On September 25, the Central States Pension Fund (one of the largest multiemployer/union pension funds in the country) submitted to the U.S. Department of Treasury a proposed “rescue plan,” which would allow the fund to reduce participant benefits in order to stave off the fund’s potential insolvency. As discussed in our prior alert, the Multiemployer Pension Reform Act of 2014 (MPRA) permits deeply troubled multiemployer pension plans to voluntarily reduce benefits in order to avoid insolvency. To implement a benefit reduction, a multiemployer fund must first submit its proposed rescue plan to the U.S. Department of Treasury for approval.
Rescue Plan Provisions
Central States has made available a summary of its proposed rescue plan. The following key provisions would apply if the rescue plan is implemented:
- Benefit Reductions. Benefits will generally be reduced based on each participant’s age, years of service, employer contributions, and disability status.
- Future Accruals. Benefit reductions will apply to benefits earned up to the date the rescue plan is implemented. Active participants will be able to earn future pension credits, but they will earn 0.75% of contributions instead of the 1% they are currently earning.
- Re-employment Guidelines. Central States will remove re-employment restrictions for participants whose benefits are reduced if they retired on or before October 1, 2015 and will relax restrictions for participants who retire after October 1, 2015. These rule changes are meant to allow these participants to return to work while continuing to receive a pension.
- Early Retirement Phase Out. The age that participants can retire without early retirement reductions will increase from age 62 to age 65 between 2021 and 2025.
- Terminated Participants. Terminated participants (those who are not retired but do not work for a contributing employer) will be subject to higher benefit reductions than retirees and active participants, unless they have 20 or more years of service credit.
- "Orphan” Participants. As required by MPRA, participants and their beneficiaries whose employers withdrew from the plan but failed to pay their full withdrawal liability assessment (so-called “orphan” participants) will have their benefits reduced to 110% of the amount that the Pension Benefit Guaranty Corporation (PBGC) guarantees in the event of plan insolvency.
- Age and Disability Protections. MPRA does not permit benefit reductions for participants who are age 80 or older and partially protects the benefits of participants between ages 75 and 80. As a result, Central States will not reduce the benefits of participants over age 80. Benefit reductions for participants in the 75-80 age range will be limited to 50% of what the reduction would have been absent the age protections, calculated using a sliding scale. Participants receiving a disability benefit from the fund are protected from reductions, which is also a requirement of MPRA.

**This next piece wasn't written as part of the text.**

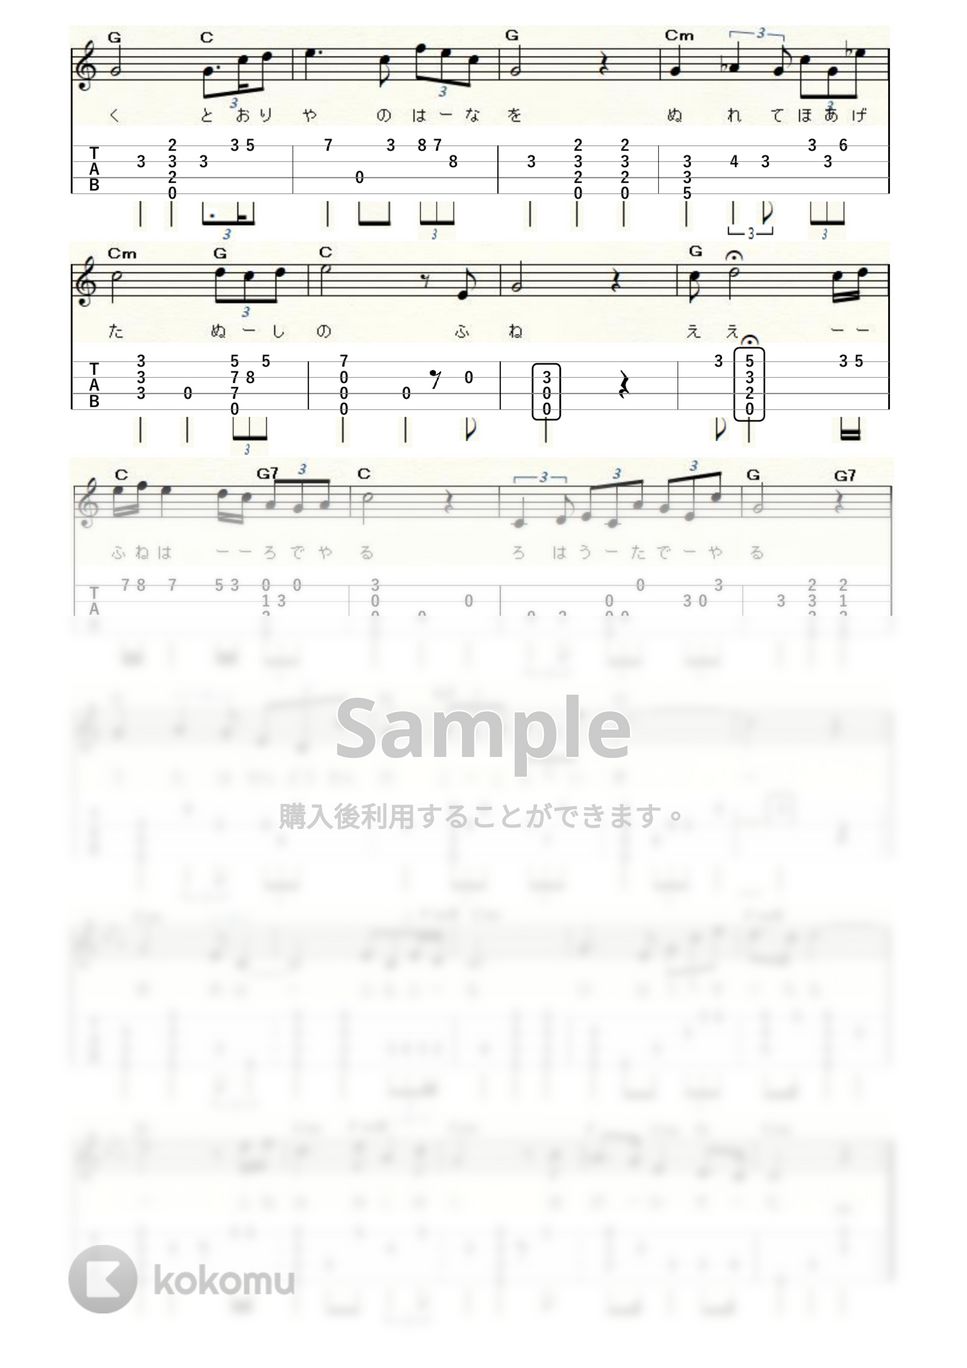 北原白秋 - 城ヶ島の雨 (ｳｸﾚﾚｿﾛ / Low-G / 中級) by ukulelepapa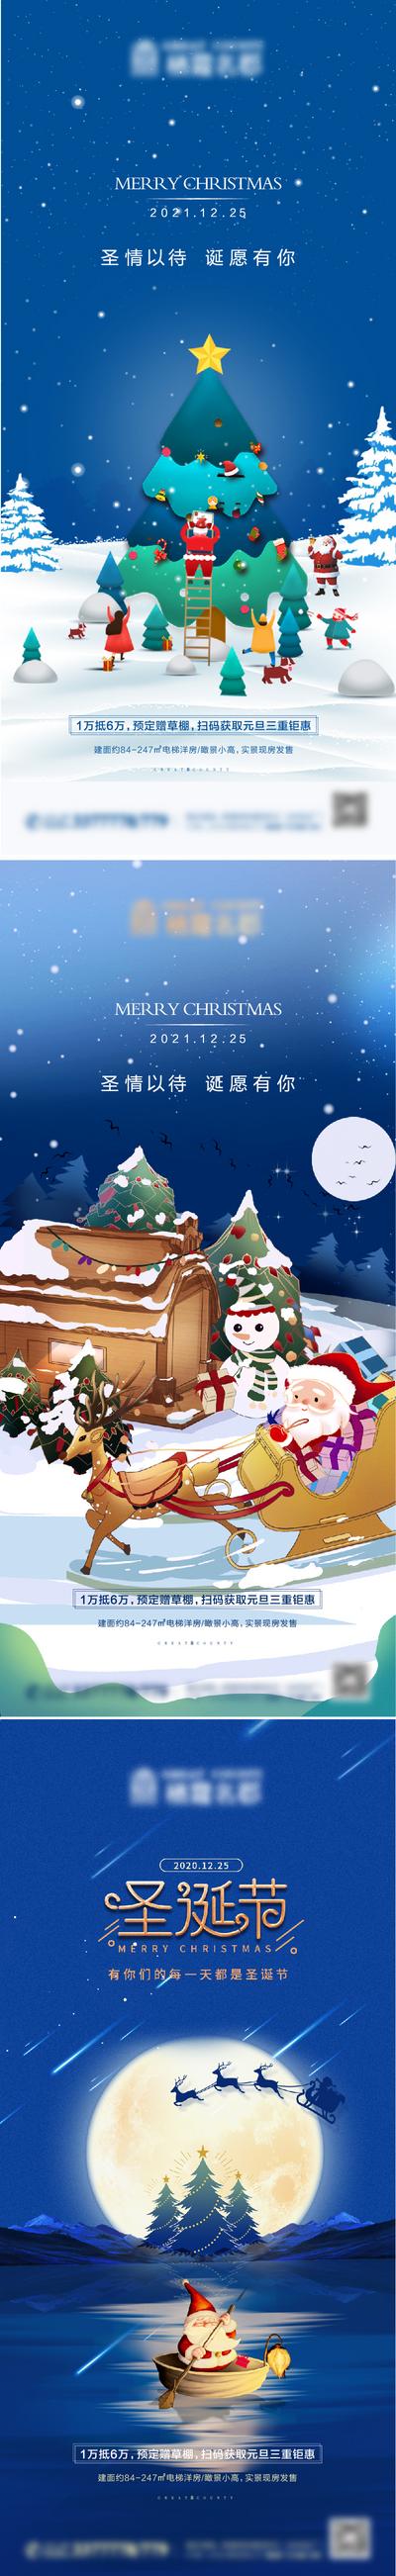 南门网 海报 房地产 公历节日 圣诞节 插画 圣诞老人 系列

In 2007, United Parcel Service Inc. (UPS) withdrew from the Central States Pension Fund and paid its withdrawal liability in a negotiated lump sum totaling $6.1 billion. In a subsequent collective bargaining agreement, UPS agreed to make up for any benefit reductions that were later applied to Central States participants who were active or terminated UPS employees as of December 29, 2007. For this group of UPS participants, there will effectively be no net loss in benefits because UPS will be covering any reductions. The UPS group makes up approximately 12% of the total fund participants.
The U.S. Department of Treasury has up to 225 days to review the proposed rescue plan. If the agency approves the plan, participants will have the opportunity to vote on the plan. Even if participants vote down the Central States rescue plan, however, the U.S. Department of Treasury can override the votes and order the plan to be implemented. If approved, the rescue plan will be implemented in July of 2016.
Although controversial to many, Central States’ rescue plan appears to be the only viable option currently available to avoid the fund’s insolvency or larger pension reductions in the future. The insolvency of the Central States fund would effectively bankrupt the PBGC’s multiemployer plan insurance program, which would, in turn, result in the fund’s own participants receiving no benefits at some point. It would also have an enormous ripple effect on other (solvent) multiemployer funds that are covered by the PBGC, as well as participants and beneficiaries of insolvent multiemployer funds who rely on the PBGC for their pension payments. In sum, the rescue plan appears to be the best available option for the Central States fund, the PBGC, and the many other multiemployer pension funds and participants who rely on the PBGC’s coverage.